Lately I’ve made some interesting decisions which are for the better.
Nope its private, so don’t ask.
One decision I’ve made is to stay away from male coworkers. I’ll talk with them at work, but as far as getting too close, nope not going to happen. It’s just better that way. “No I don’t want their number, No I don’t want to give them mine, No, I don’t want to meet them no where, No, I don’t want none of their time…” I all ready know the rumor mill and the gossip train would start if I was talking to someone at work. Can’t even get away from that when it’s not related to dudes.
So I’ve been meeting new people who seem pretty cool and I like them. They remind me of my good friends I’ve had throughout my life.
*Stupid thing wouldn’t scroll up like I wanted*
It’s nice to get some things accomplished that I’ve been working on.
I still feel that people tend to think they know who I am. I really hate that, but you know there’s not much you can do when someone believes what everyone else tells them. Always feels like a group of people against one. Kind of like my character in the story. Feeling like you’re backed against the wall with people telling you who you are without even asking you. You know who you are, but it doesn’t matter.
I actually know who’s to blame for that. They know who they are.
Still I’m doing things I want to do and enjoying it, no matter what.
Still a lot of people are in pain. You can see it on their face.

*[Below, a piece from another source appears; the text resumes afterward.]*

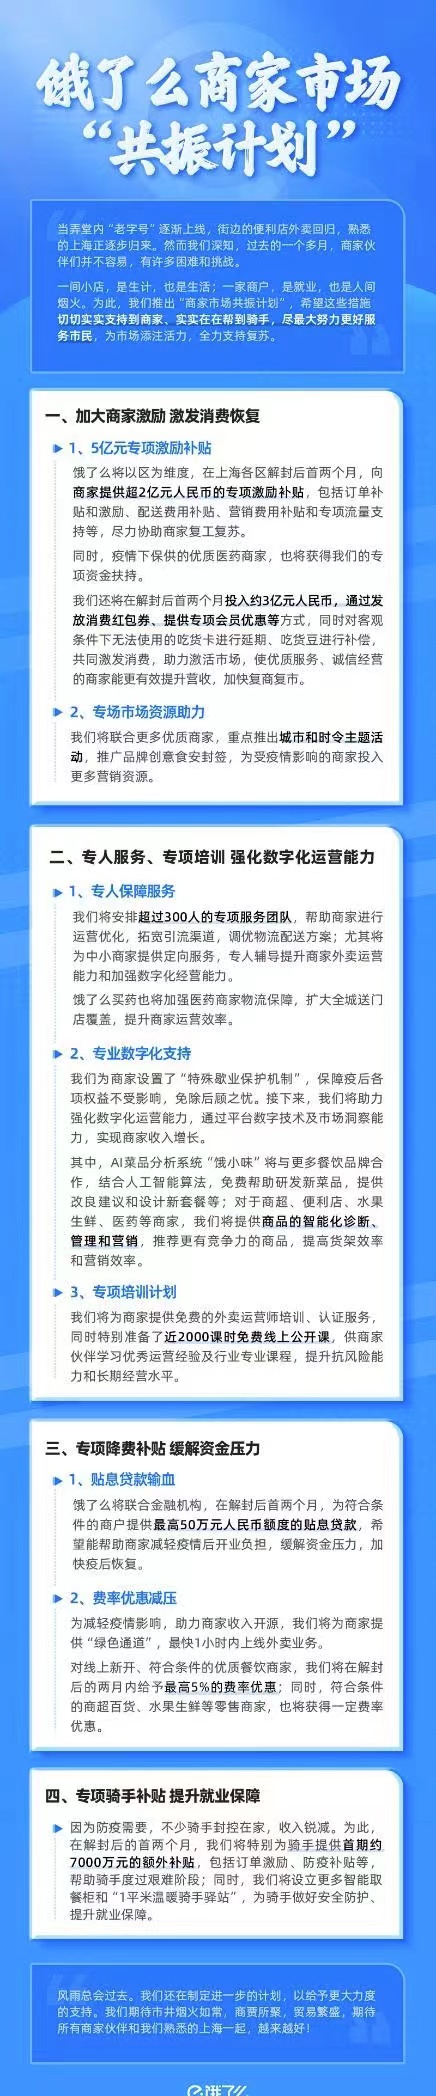 饿了么启动“共振计划”：5亿激励、降费补贴等支持上海商家复苏

Strange something seemed moved.
Oh yeah I guess my singing has been annoying the neighbors even though they make sure to tell me they can’t hear me. So how the heck can they hear me when my TV is up loud while I’m singing. I even whisper and they can hear me. Really strange. I can’t hear them and only occasionally when they get really loud.
I always seem to have nosy people in my life. I assume it’s because I don’t share my life with them. How can I trust any one when they think they know who I am and when they make it apparent they are being nosy. I don’t like people all up in my business. It’s my business and if I choose to share it with you then that’s different. I don’t have to share everything with you.
Trust is not given it’s earned. If you ever want me to trust you then you need to get out of my business. Also making fun of me doesn’t work either. I can’t trust anyone who thinks it’s OK to make fun of me because to me that’s being a bully and that’s not who I want in my life. I am very picky with who to trust and who I want in my life. Most people fail miserably at earning my trust.